Two books explore the formal properties of the medium to achieve a deeper meaning only discoverable using comics. Ray Fawkes’s The People Inside follows the emotional lives of a group of unrelated people by juxtaposing panels of them in a stream. Well-known illustrator Richard Maguire’s Here expands his ground-breaking story from Raw that shows all the events that occur in one specific location, from prehistoric battles to quotidian squabbles. It’s a dizzying history.
The last century’s history is examined in Sally Heathcoate: Suffragette by Mary M. Talbot with art by Kate Charlesworth and Bryan Talbot, following the adventures of a fictional suffragette as she interacts with the real politics and outrages of the period. Artist Charlesworth uses Sally’s red hair as a visual element that guides readers through the black and white tumult. Above the Dreamless Dead: WWI in Poetry and Comics is a haunting anthology of trench poetry from WWI with some of comics’ best artists interpreting the sombre and heartbreaking verse.
Kill My Mother is lighter fare, but no less observant about the human ability to create chaos. Pulitzer Prize–winning cartoonist Jules Feiffer’s first full-length graphic novel, written at the age of 84, is a bold, twisting story of deception and intrigue that focuses on five women across three decades.

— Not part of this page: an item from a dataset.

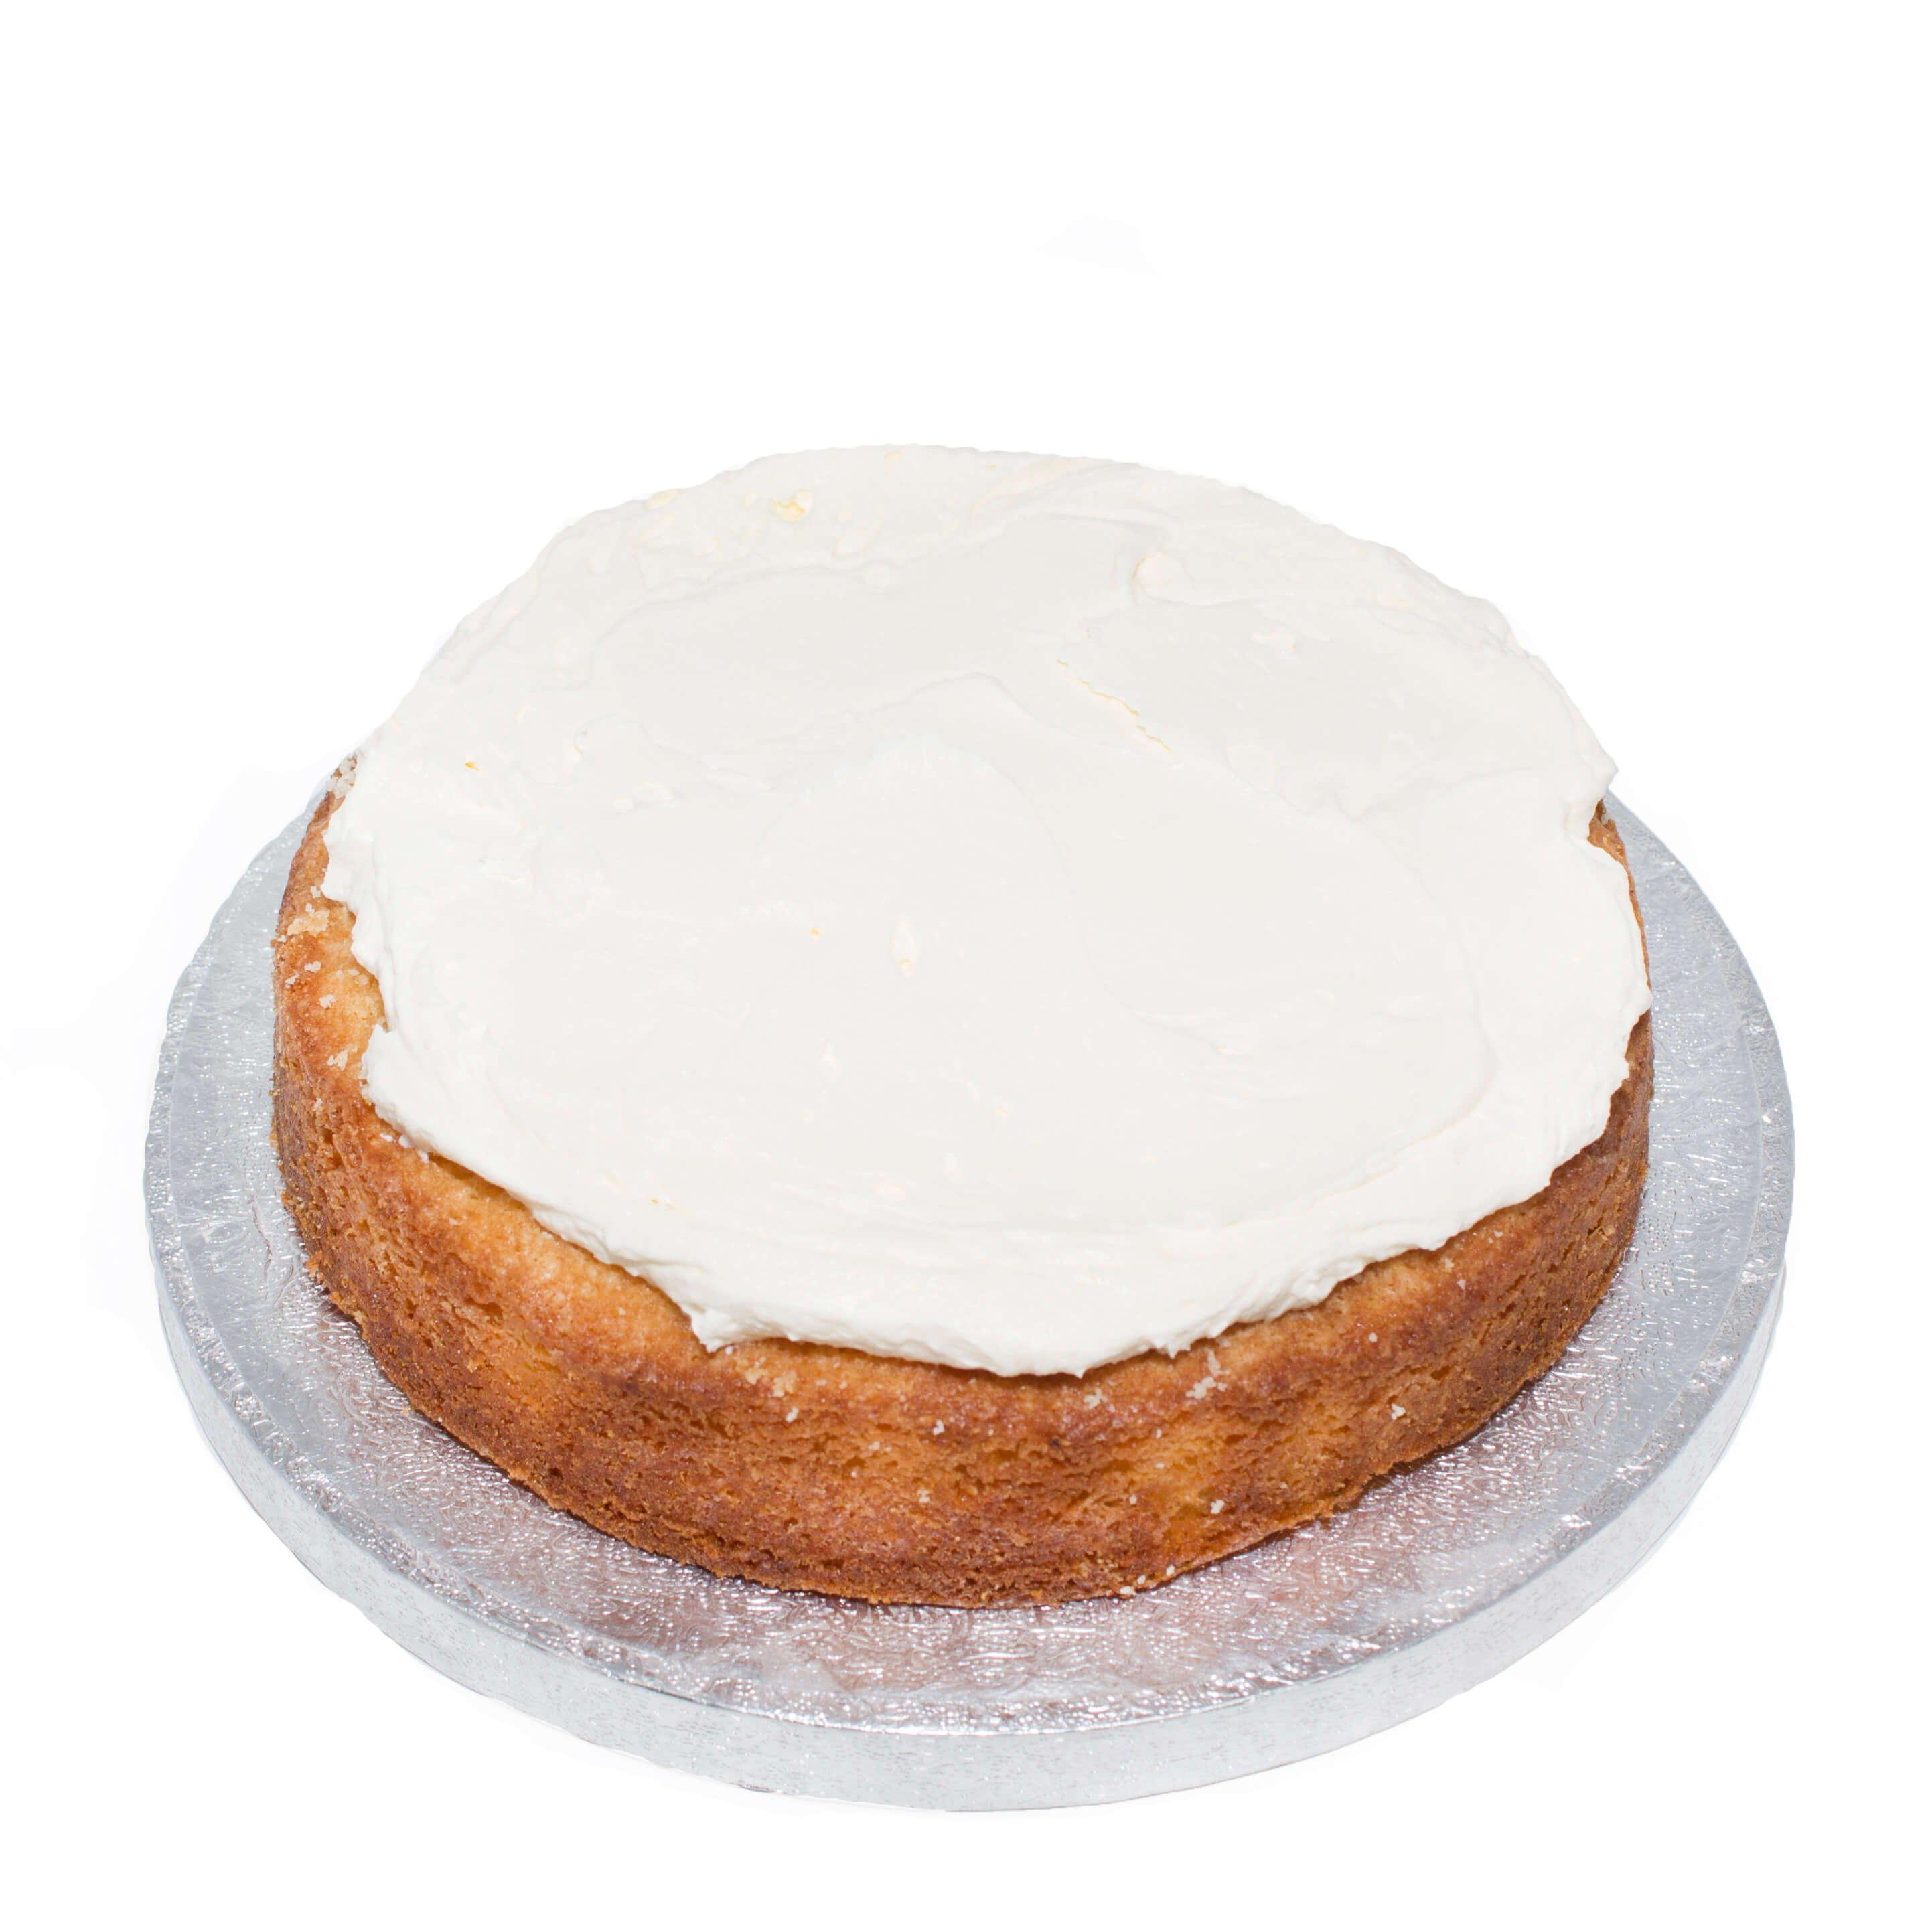 Zesty Lemon cake and icing kit

Speaking of intrigue, Jason Aaron and Jason Latour spin a violent yarn in Southern Bastards. In Craw County, Ala., football, violence, and other masculine rituals rule life. Latour’s spare, character-drenched art captures the brutality while still allowing sympathy. Acclaimed novelist G. Willow Wilson explores a different world in Ms. Marvel: No Normal, as a teenage Muslim girl from Jersey City, N.J., who writes fan fiction, gets superpowers and has to interact with her heroes, the better known characters of the Marvel universe. It’s a smart update on superheroes that offers a welcome fresh perspective.
Finally, every season brings impressive reprint projects, but few are as epic as The Complete Zap Comix Boxed Set, which reprints the seminal underground comics of R. Crumb, S. Clay Wilson, Gilbert Shelton, Spain Rodriguez, and others. When first published in the late ’60s these often raw stories shocked with their sexuality and dramatically changed comics. Lavishly produced, the set even brings the never published 17th issue to modern eyes. At $500, it’s for diehards only, while setting a new standard for archival comics projects.
PW’s Top 10: Comics & Graphic Novels
Above the Dreamless Dead: WWI in Poetry and Comics. Edited by Chris Duffy. Macmillan/First Second, Sept. 23
The Complete Zap Comix Boxed Set. R. Crumb, Gilbert Shelton et al. Fantagraphics, Nov. 5
Kill My Mother: A Graphic Novel. Jules Feiffer. Norton, Aug. 25
Here. Richard McGuire. Pantheon, Oct. 7
The Hospital Suite. John Porcellino. Drawn & Quarterly, Sept. 9
Lighter than My Shadow. Katie Green. Counterpoint/Soft Skull, Oct. 14
Ms. Marvel, Vol. 1: No Normal. G. Willow Wilson and Adrian Alphona. Marvel, Oct. 14
The People Inside. Ray Fawkes. Oni, Aug. 13
Sally Heathcoate: Suffragette. Mary M. Talbot, Kate Charlesworth, and Bryan Talbot. Dark Horse, Sept. 23
Southern Bastards, Vol. 1: Here Was a Man. Jason Aaron, Jason Latour, and Connor Willumson. Image, Oct.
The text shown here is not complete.